══ PROVIDED DATA ══

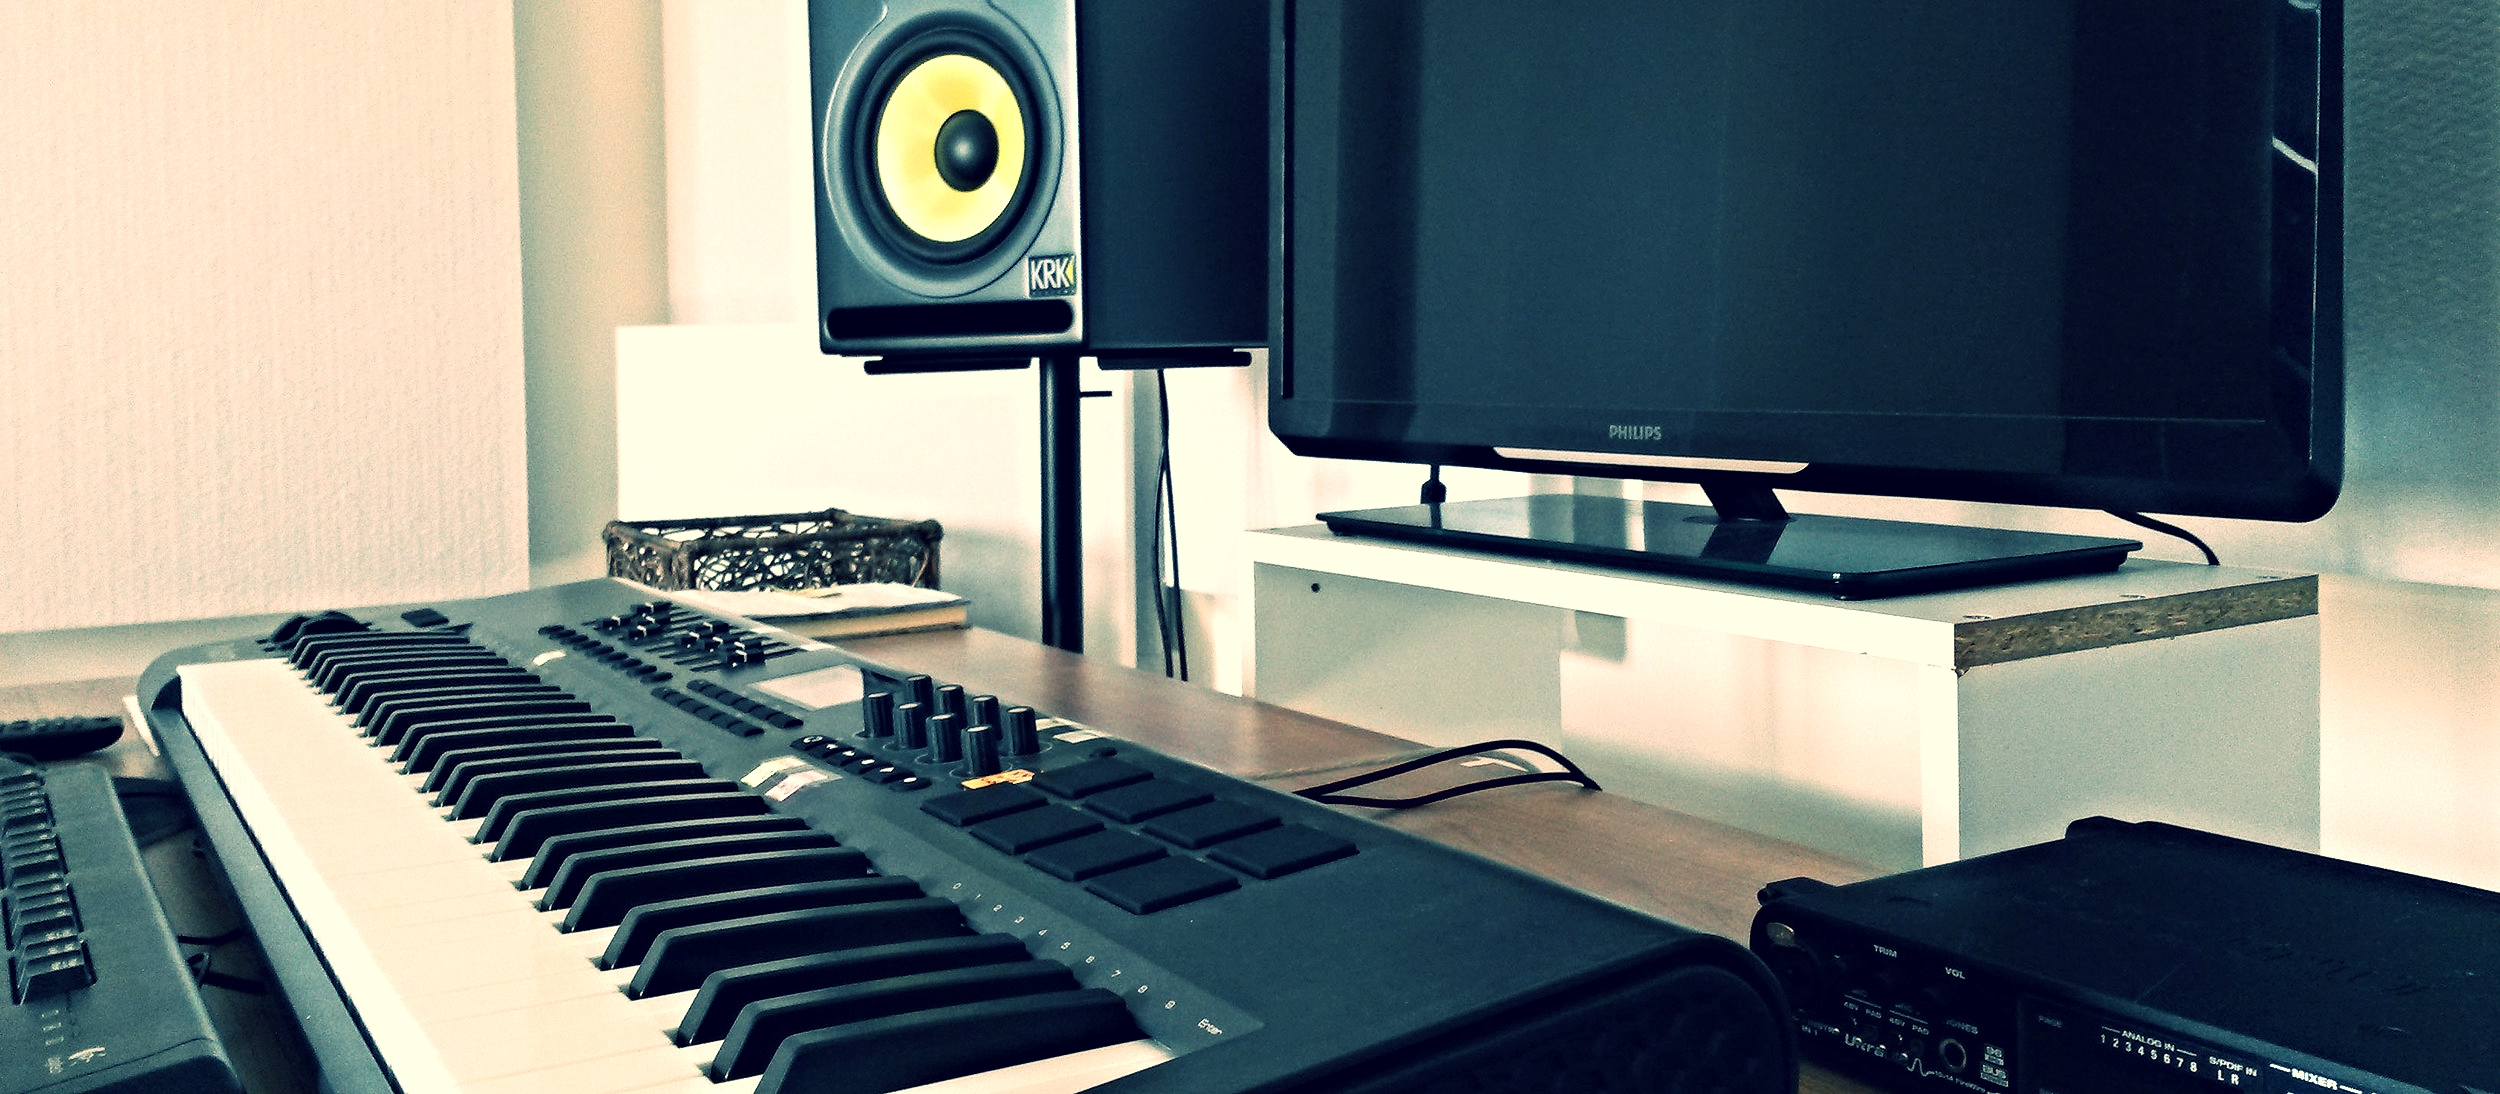 Ghostproducties en beats: de verdeling van muziekrechten en toestemming tot exploitatie kan men regelen in een producercontract. In dat document kunt u ook masterrechten vastleggen.
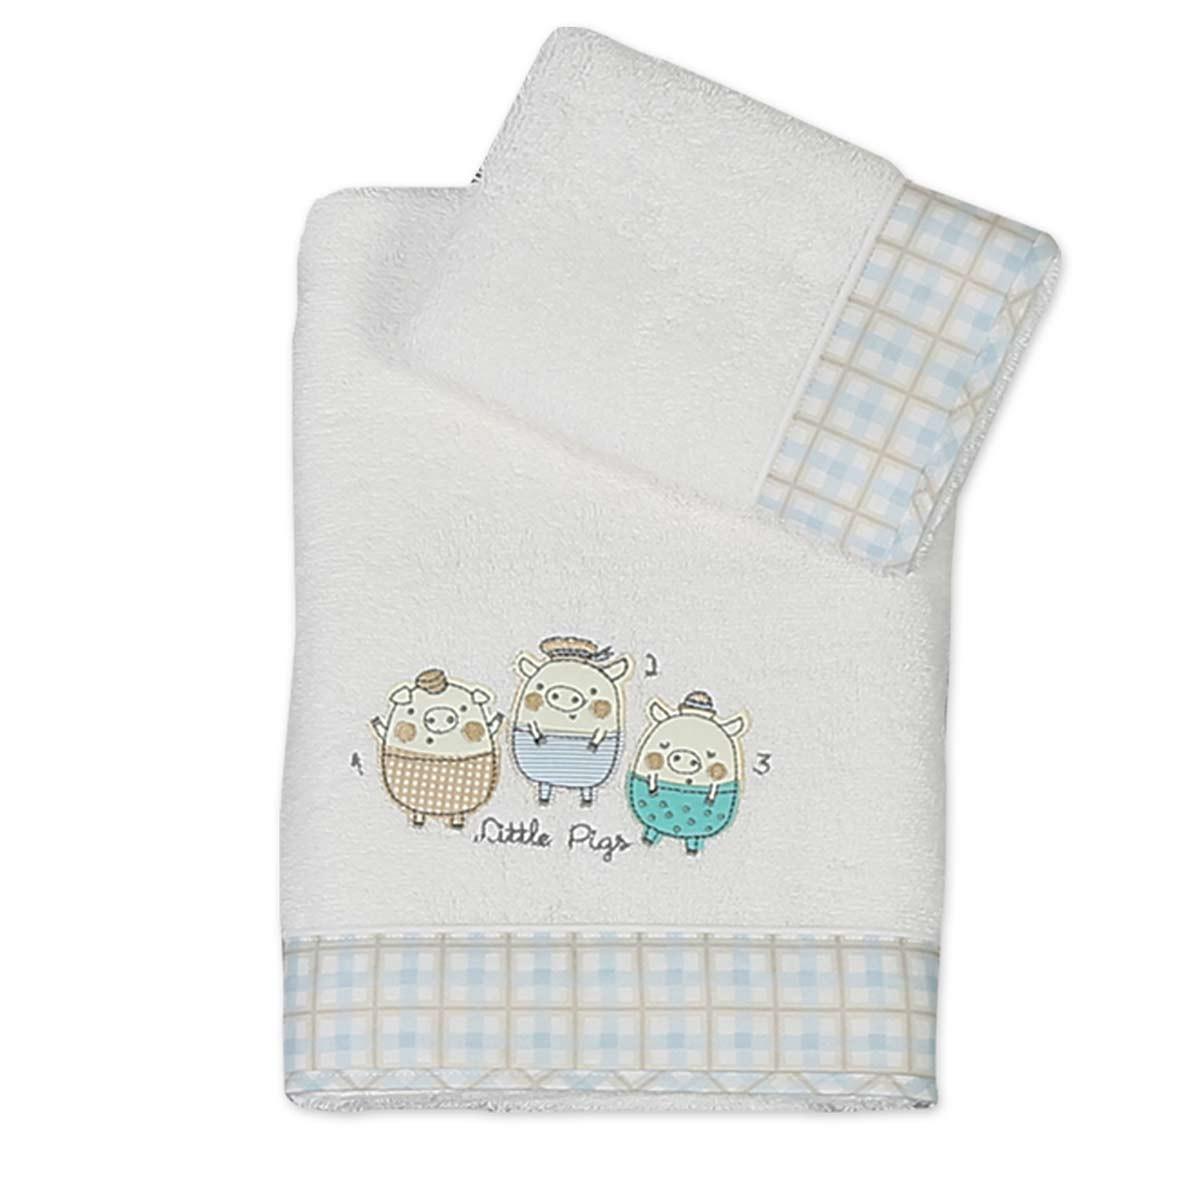 Βρεφικές Πετσέτες (Σετ 2τμχ) Nef-Nef Baby 3 Pigs
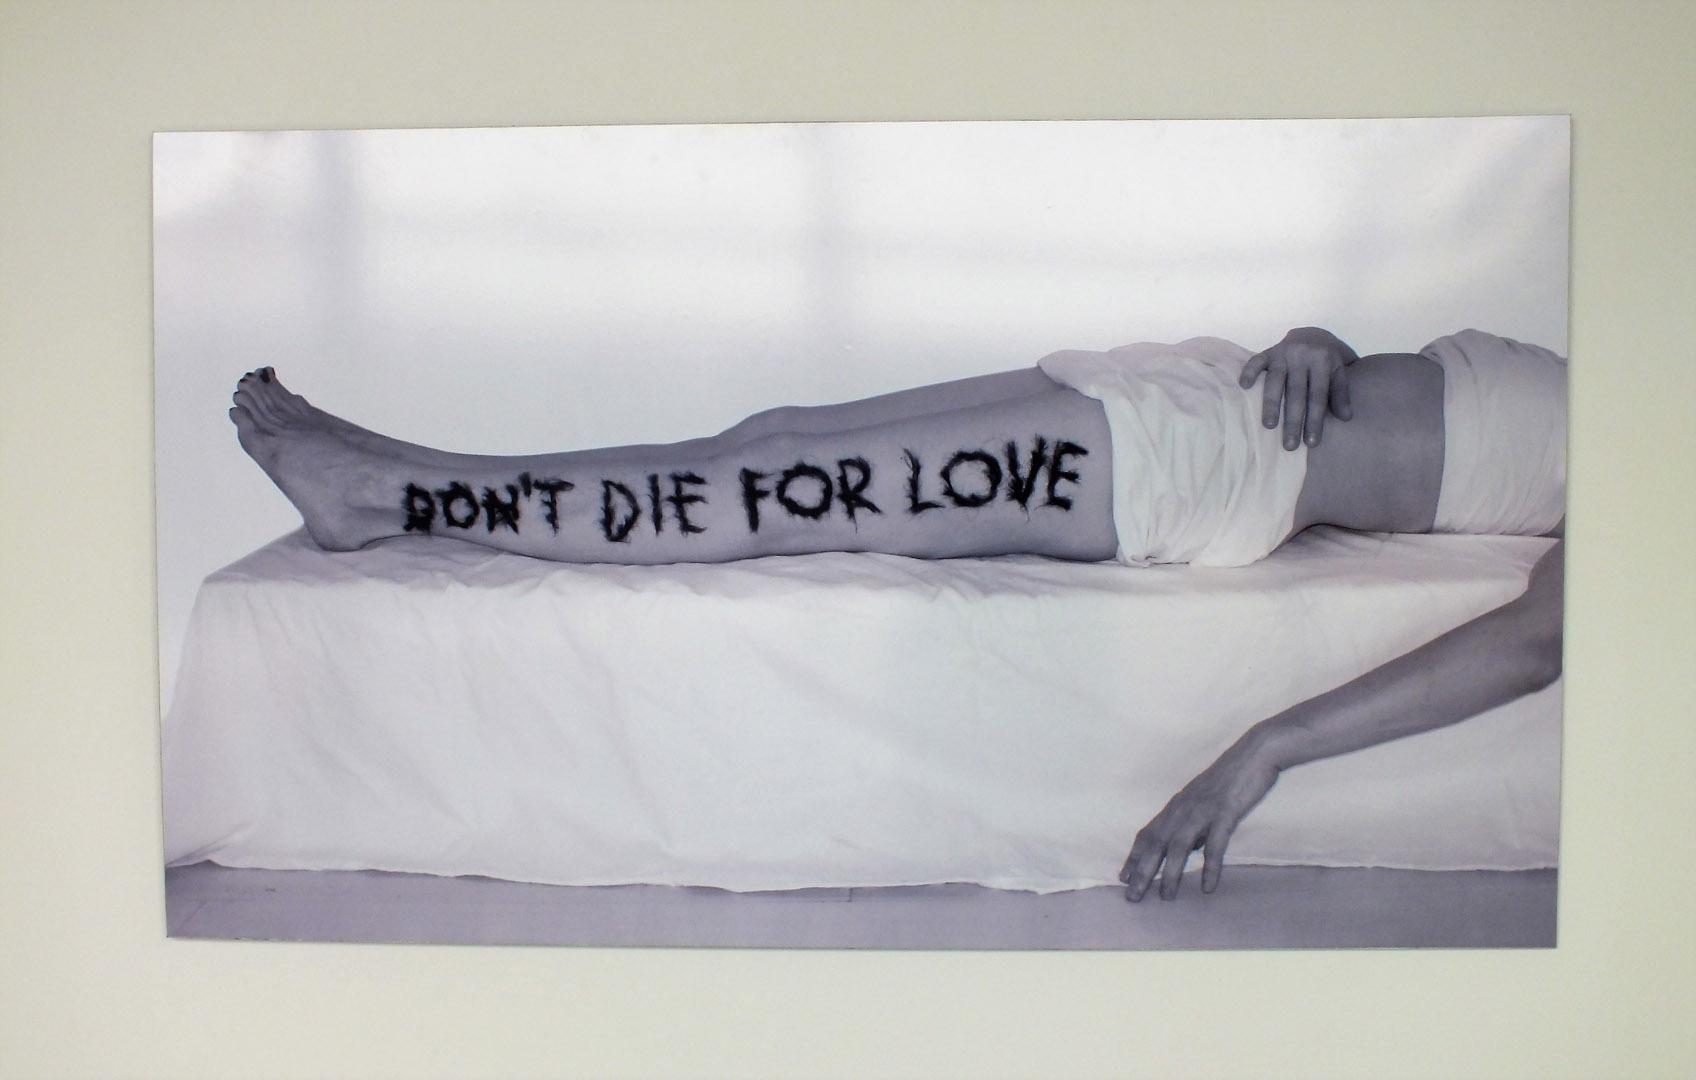 """Laisvydė Šalčiūtė. """"Nemirk dėl meilės"""", fotografija, 2010, iš ciklo """"Kūno apieškojimas"""". gyčio norvilo nuotraukos"""

═══

**WHAT THE EXERCISE ASKS:** All of the material should be reproduced exactly, apart from the pictures.

**RESPONSE:**
 Ghostproducties en beats: de verdeling van muziekrechten en toestemming tot exploitatie kan men regelen in een producercontract. In dat document kunt u ook masterrechten vastleggen.
 Βρεφικές Πετσέτες (Σετ 2τμχ) Nef-Nef Baby 3 Pigs
 """Laisvydė Šalčiūtė. """"Nemirk dėl meilės"""", fotografija, 2010, iš ciklo """"Kūno apieškojimas"""". gyčio norvilo nuotraukos"""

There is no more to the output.